• [BRIEF]:
Look below for the line with "Trail of the"; begin the copy there and stop after the line with "Vacation Bible School", keeping the text exact and the pictures out.

• [DATA]:
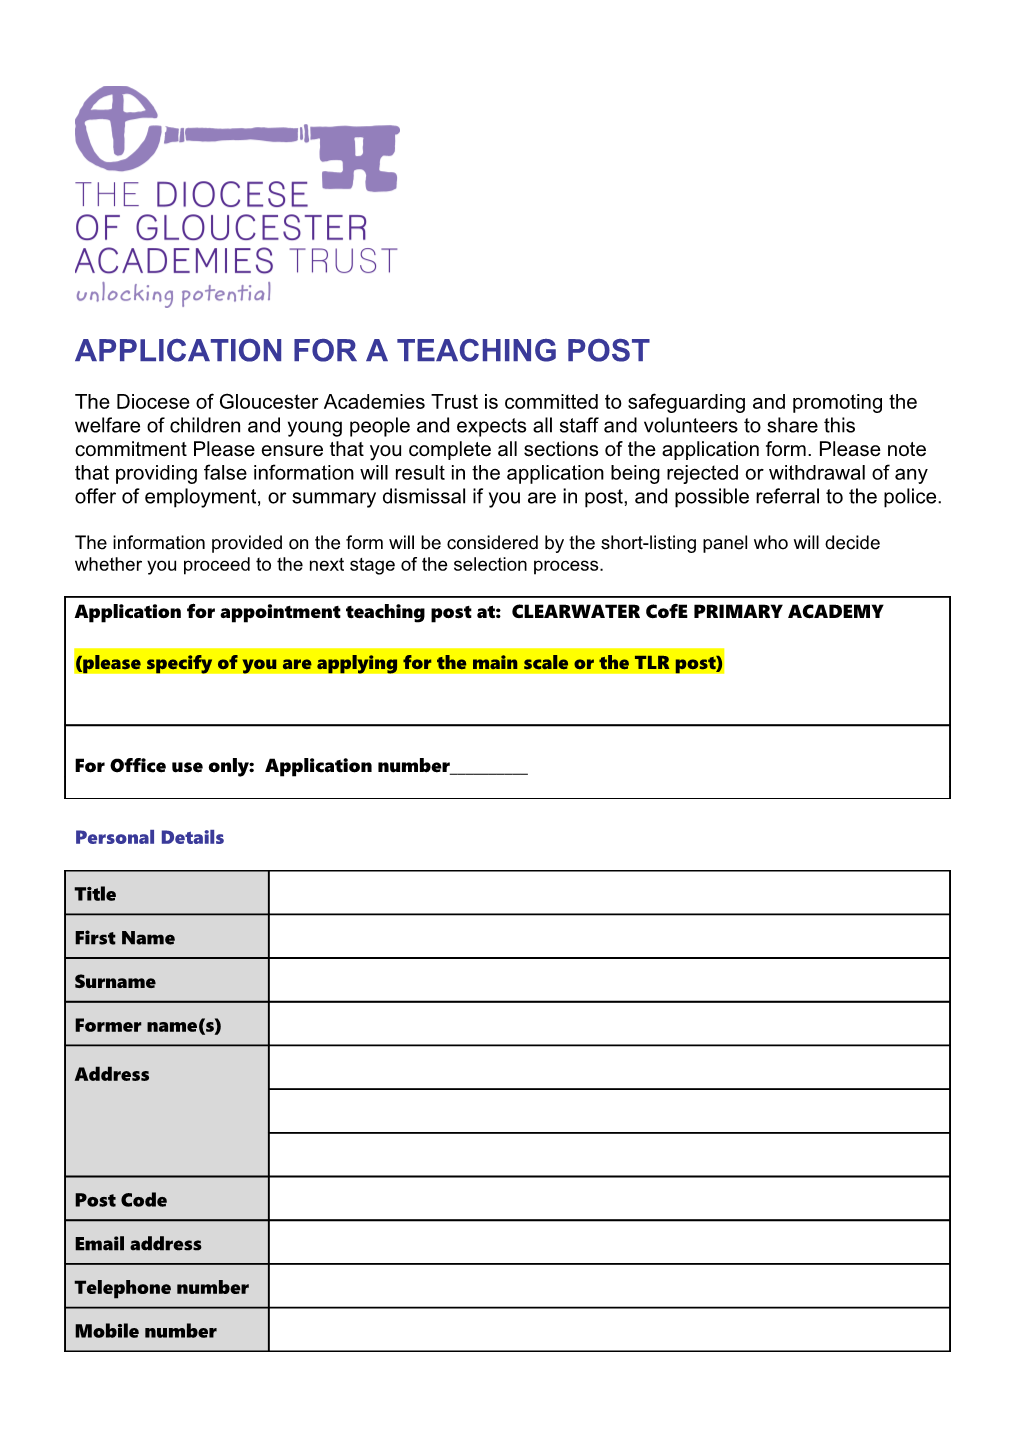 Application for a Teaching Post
==
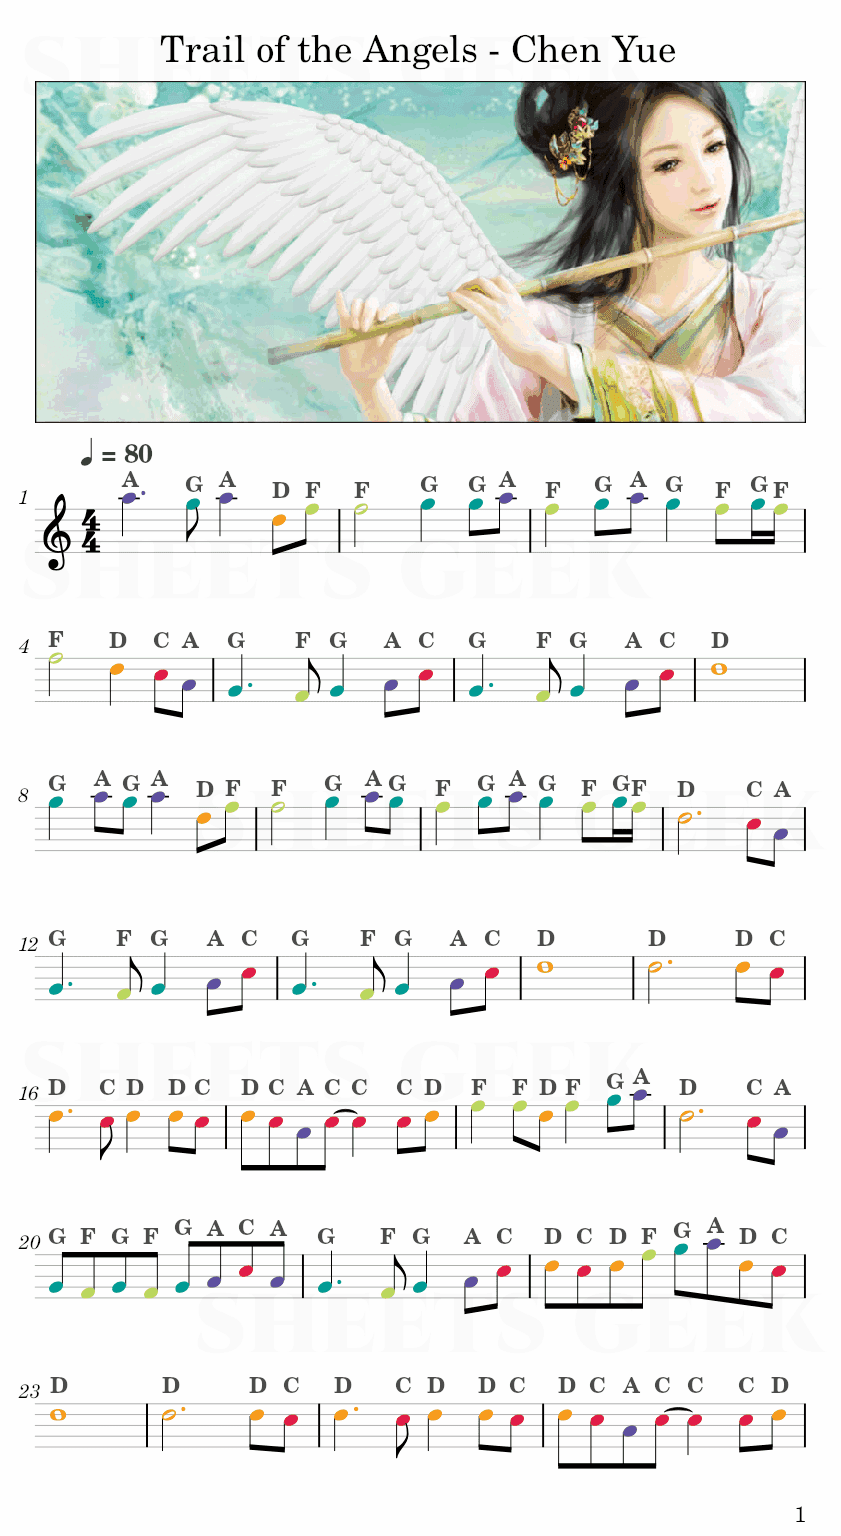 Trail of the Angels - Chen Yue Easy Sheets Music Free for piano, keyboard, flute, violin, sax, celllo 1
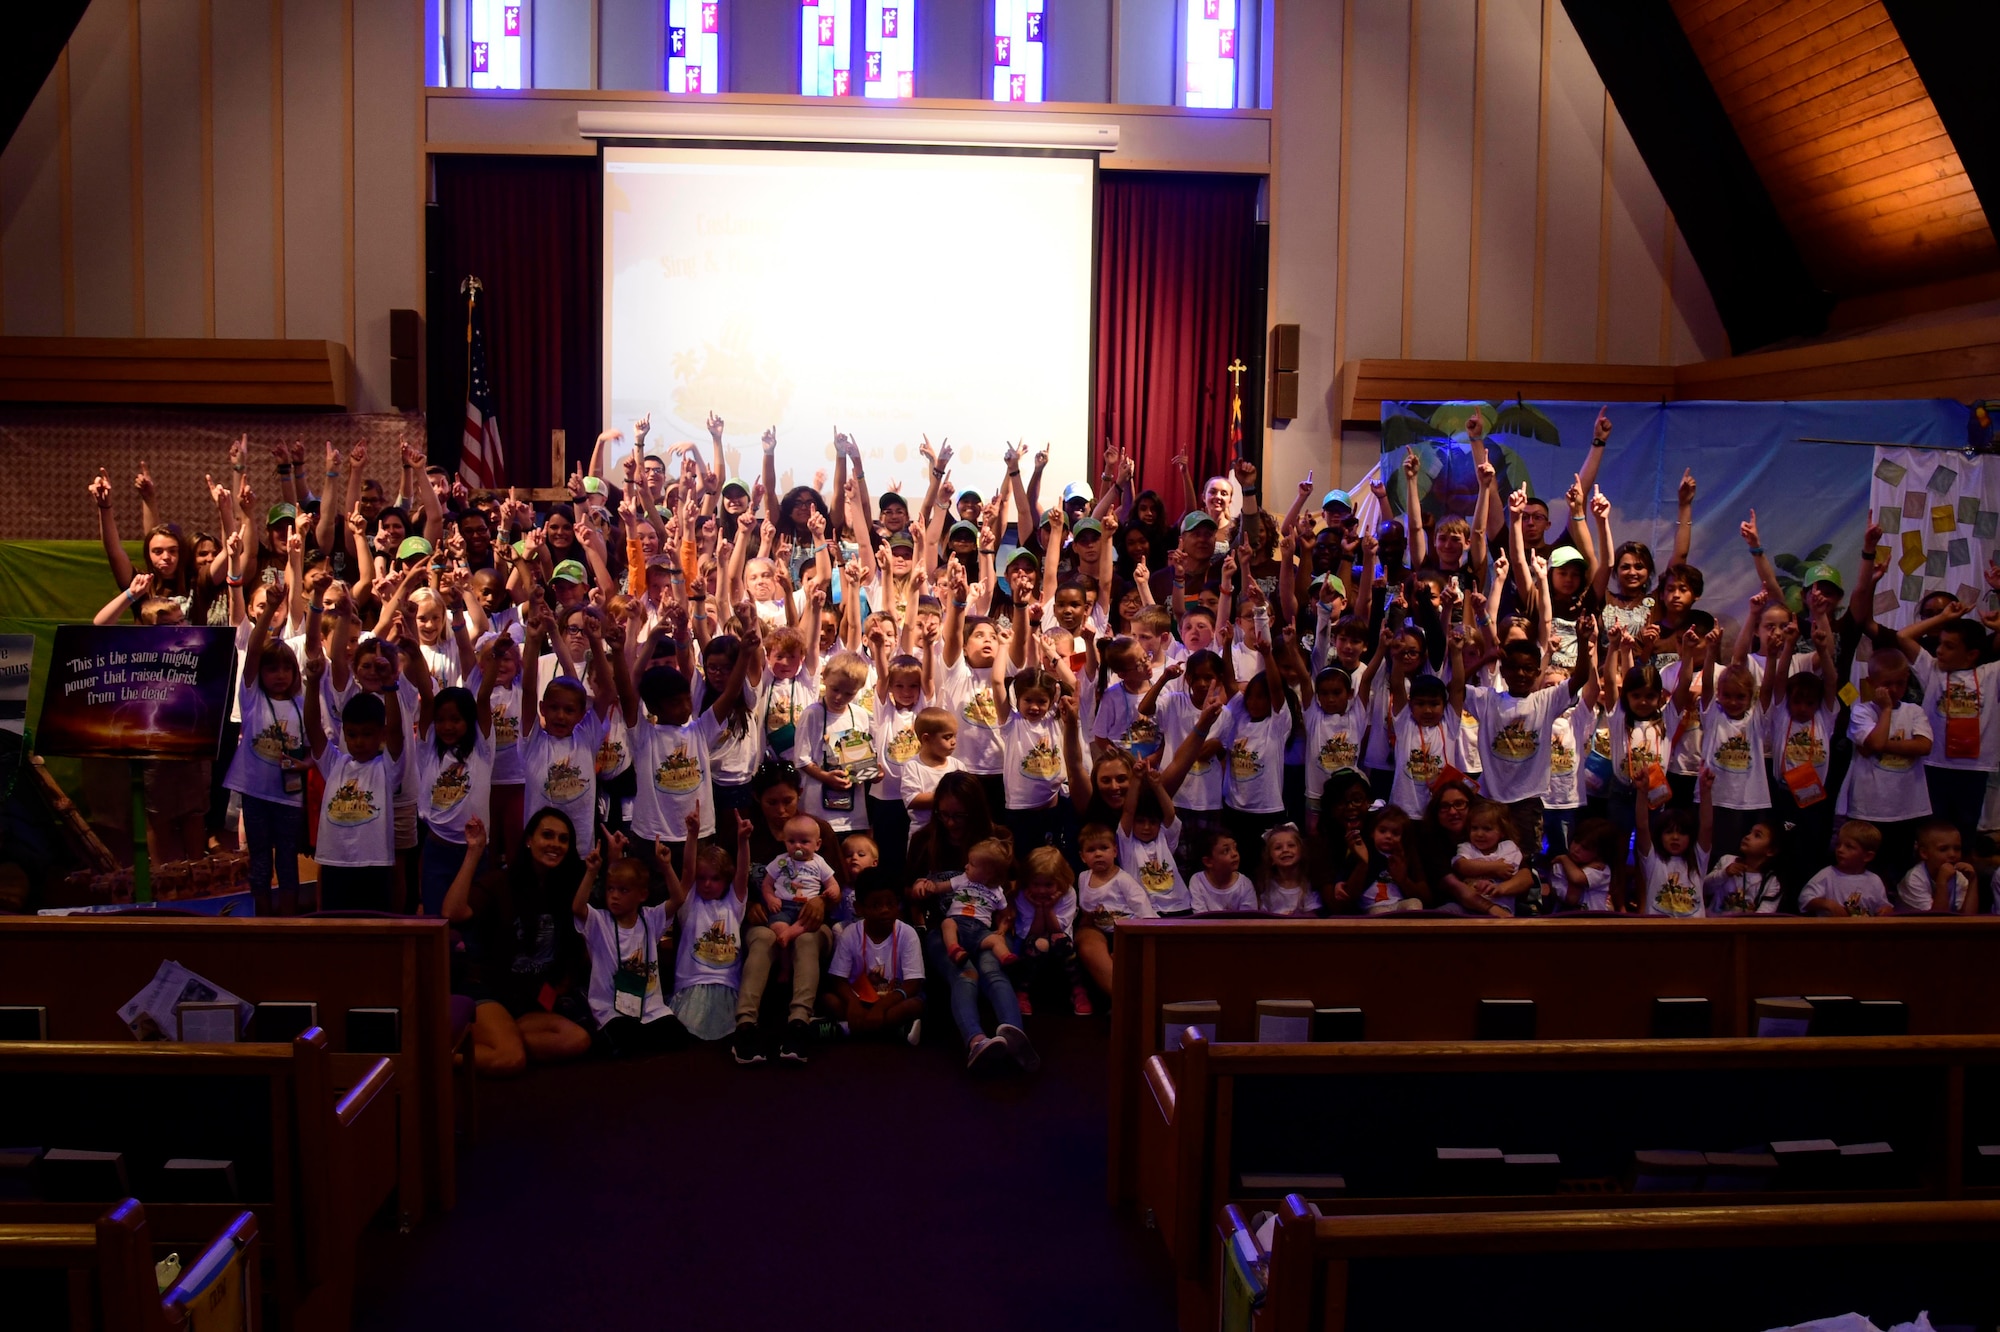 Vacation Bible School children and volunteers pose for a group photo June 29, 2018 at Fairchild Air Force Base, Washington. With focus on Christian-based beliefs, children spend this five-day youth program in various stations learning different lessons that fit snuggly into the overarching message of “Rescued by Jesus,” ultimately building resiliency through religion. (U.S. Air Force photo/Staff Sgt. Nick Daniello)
==
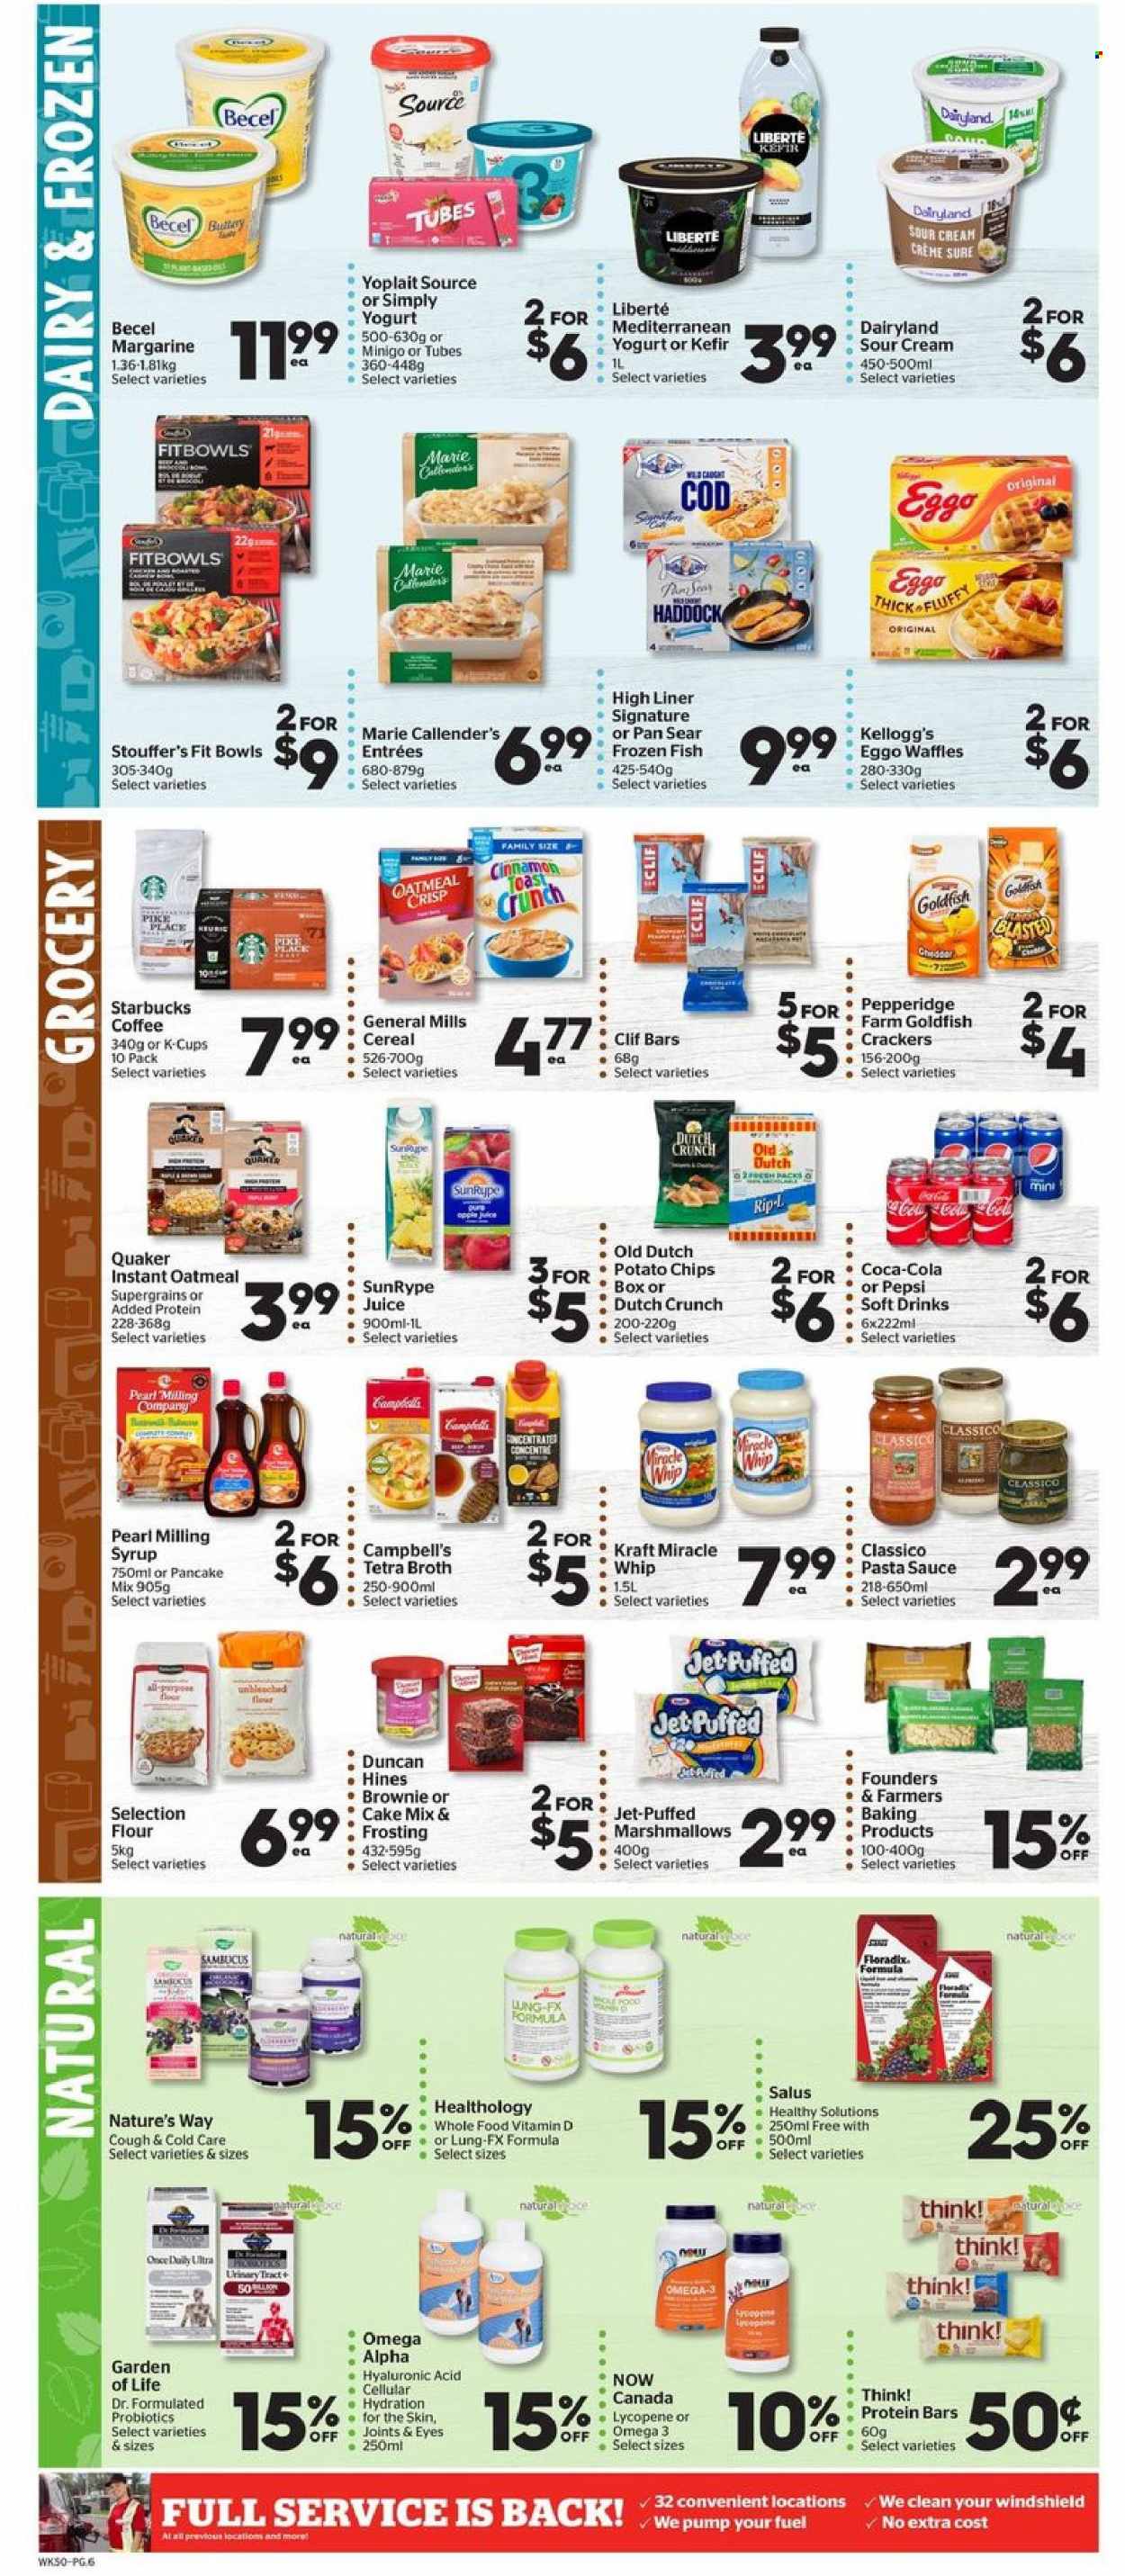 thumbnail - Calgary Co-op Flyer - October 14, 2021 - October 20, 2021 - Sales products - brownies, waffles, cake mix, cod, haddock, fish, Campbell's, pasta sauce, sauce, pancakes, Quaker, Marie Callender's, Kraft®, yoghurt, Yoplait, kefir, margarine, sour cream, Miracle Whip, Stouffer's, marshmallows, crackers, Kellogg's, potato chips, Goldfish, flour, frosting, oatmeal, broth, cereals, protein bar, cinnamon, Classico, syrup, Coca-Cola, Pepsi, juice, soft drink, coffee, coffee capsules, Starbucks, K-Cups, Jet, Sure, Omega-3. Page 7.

• [COMPLETED TASK]:
 Trail of the Angels - Chen Yue Easy Sheets Music Free for piano, keyboard, flute, violin, sax, celllo 1
 Vacation Bible School children and volunteers pose for a group photo June 29, 2018 at Fairchild Air Force Base, Washington. With focus on Christian-based beliefs, children spend this five-day youth program in various stations learning different lessons that fit snuggly into the overarching message of “Rescued by Jesus,” ultimately building resiliency through religion. (U.S. Air Force photo/Staff Sgt. Nick Daniello)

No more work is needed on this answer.